# Implicit iterative methods oscillating?

1. Aug 18, 2015

### maistral

I'm under the impression that any implicit method for numerically solving ODE should be providing high stability in exchange for accuracy.

I'm trying to solve the differential equation:
dy/dx = -1000y + 3000 - 2000exp(-x) with intial conditions (0,0).

I still can't understand how come the numerical solution using the Implicit Midpoint is oscillating if it is supposed to be a stable method. Judging from the values, they oscillate between ~0 and~2.

Am I missing something here?

2. Aug 19, 2015

### BvU

Seems to me your initial step is relatively big: dy/dx (0) = 1000 so 0.05 makes y shoot off.
You sure there aren't any conditions at all for the stability ?

 perhaps this helps -- but your midpoint is left as an exercise (nr 3 on p. 64....)

3. Aug 20, 2015

### maistral

I see. The implicit midpoint requiring an initial evaluation at dy/dx(0) at the evaluation (y0 + y1)/2 makes it shoot off. Thanks. Is it safe for me to say that implicit methods do strengthen stability, but not guarantee stability? (unless its backward Euler.. that thing is a tank)

I guess I'm really better off with the Gauss-Legendre RK or that BDF thing. Thanks!

4. Aug 20, 2015

### BvU

I think I can agree with your statement.
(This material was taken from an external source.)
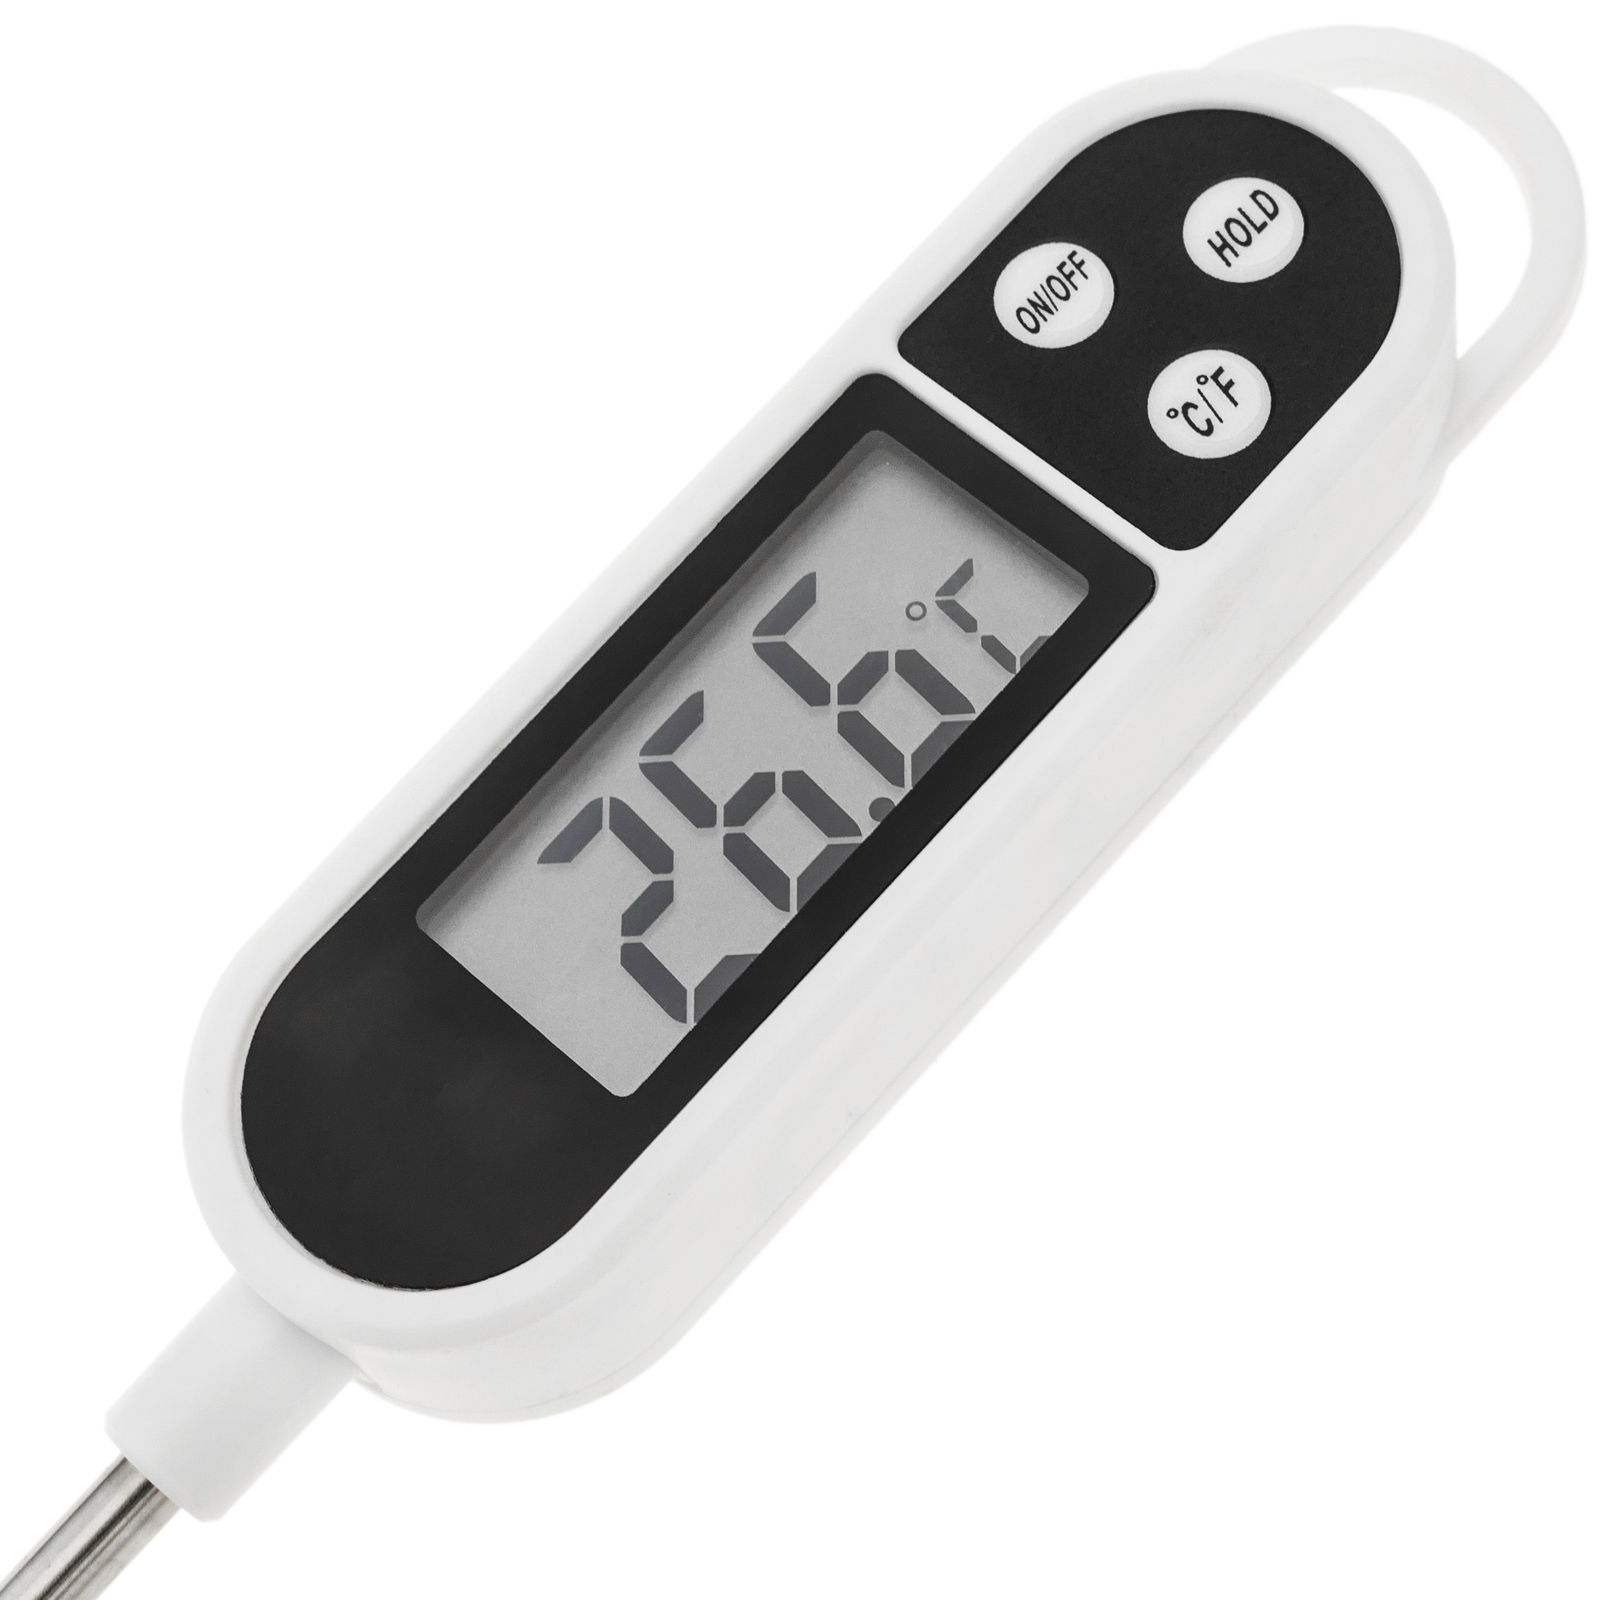 Termometro digitale con sonda rigida per cucina e cibo DW-0211
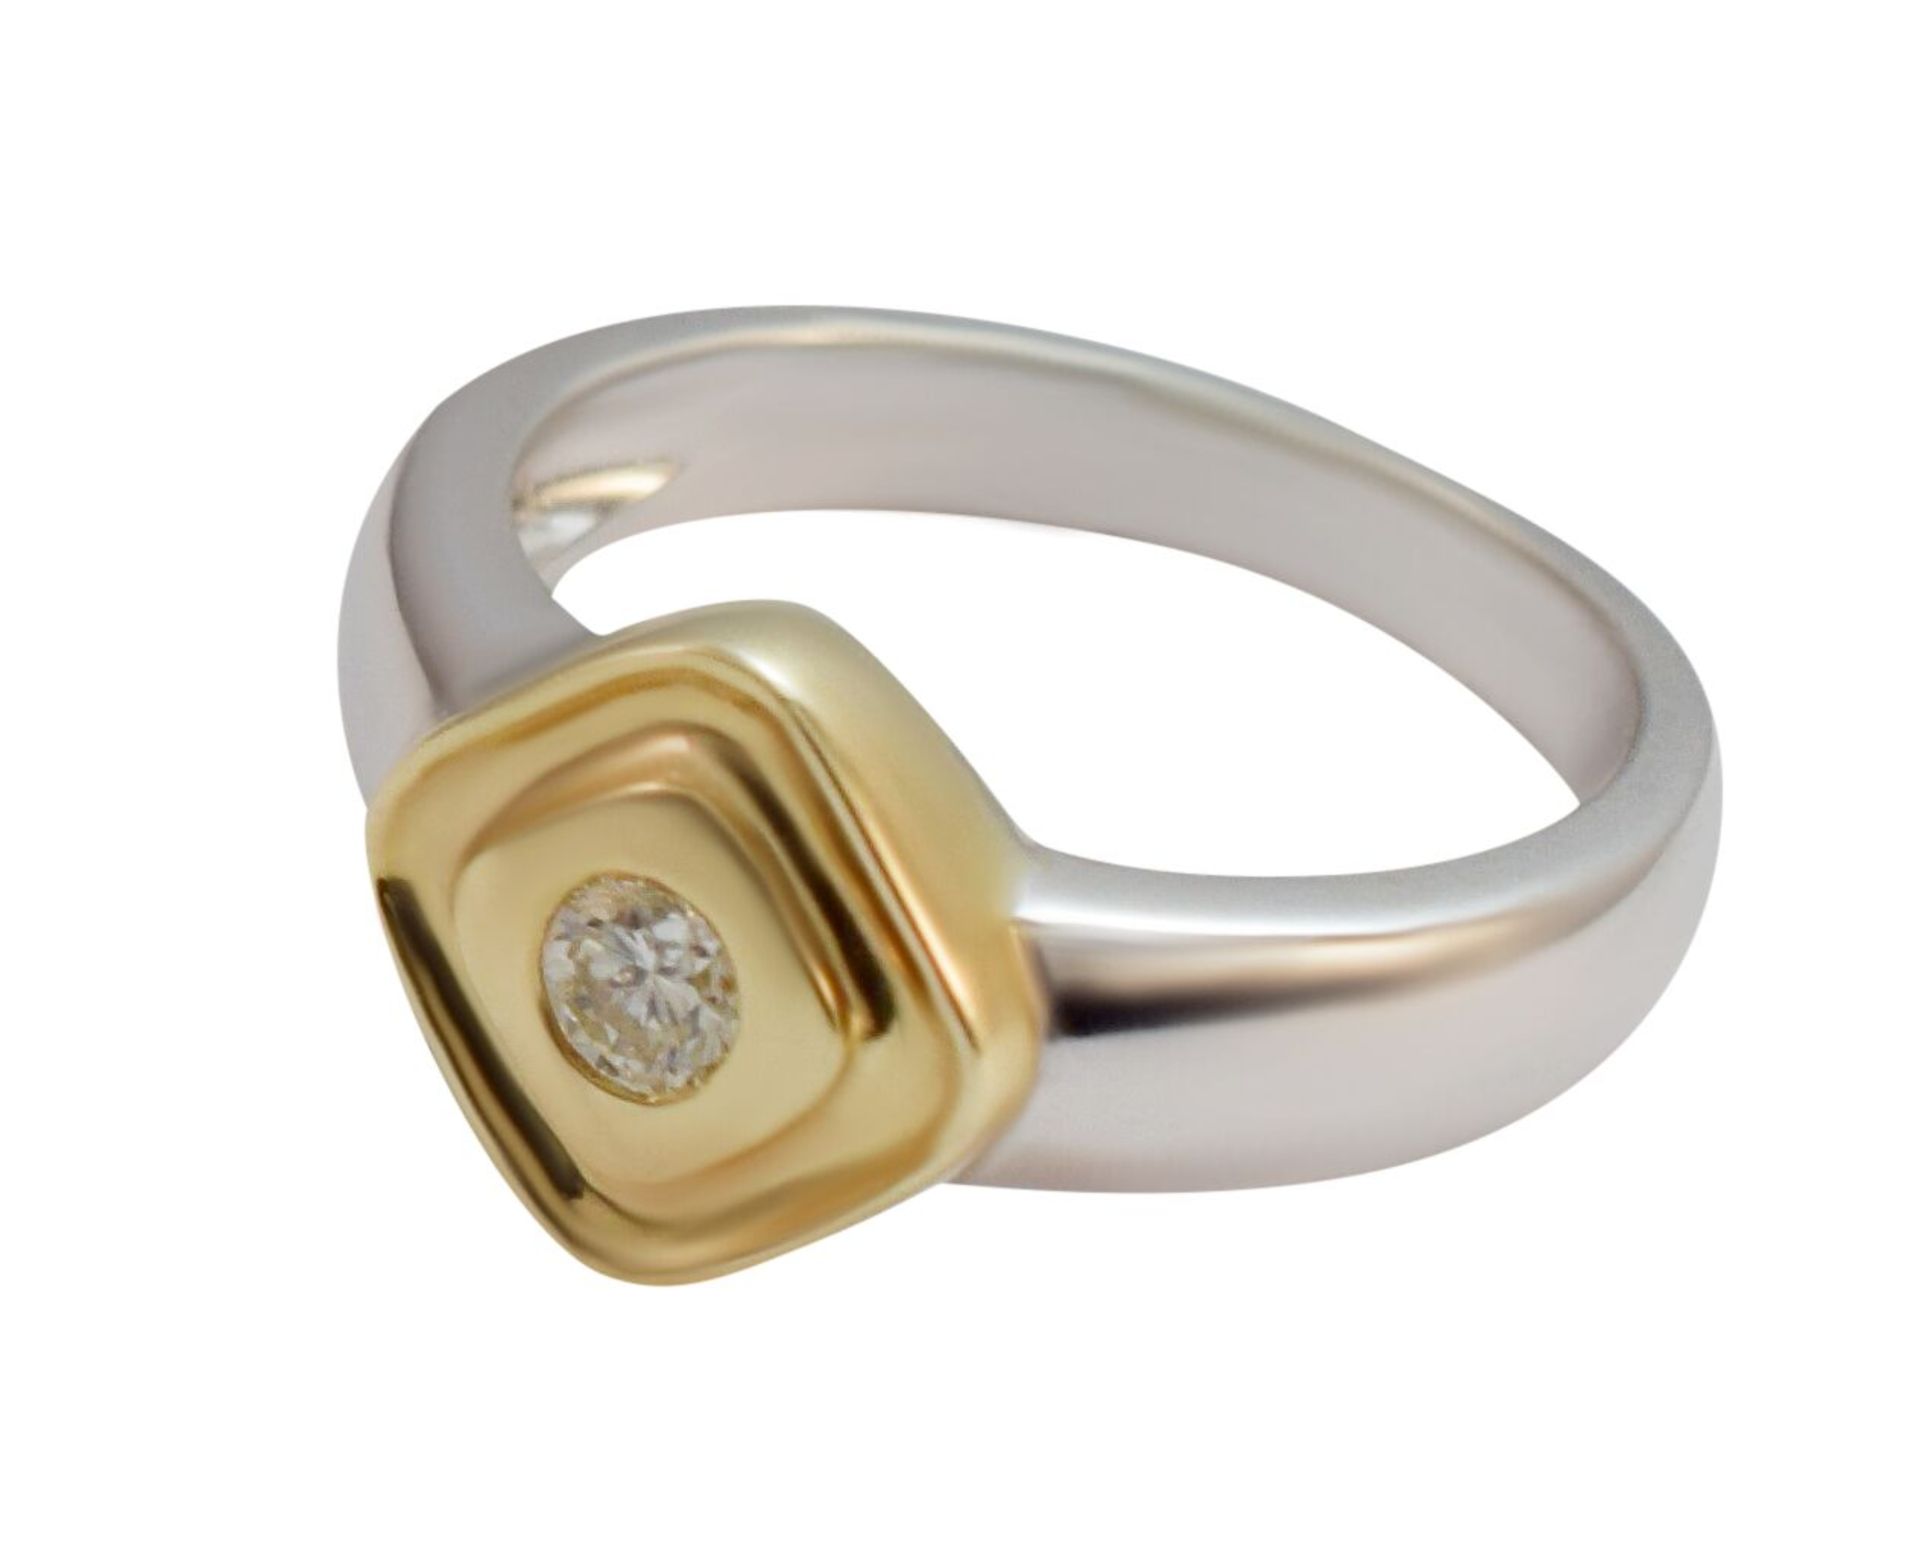 Two Tone Diamond 9ct Yellow & White Gold Ring RRP £1585 Size O

I think that's exactly the subject of the link I gave you.

I don't know what line of work/study you are in, but I find it very useful to check derivative absolute values, no matter which integrator is at work in the program I'm using.
Big values means you want to try small step sizes, but once the values are comparable and relatively smaller you want bigger steps to make reasonable progress.
For your expression I would say that's a 'stiff' ODE and the Gear method comes to mind. Sometimes you have a choice and you simply try one or two.

There's a truckload of litterature on this subject to be found on the internet nowadays, so: happy hunting !

5. Aug 20, 2015

### Staff: Mentor

The solution oscillating between 0 and 2 does not mean that it is unstable. It's just not a good approximation. An unstable solution grows without bound.

Chet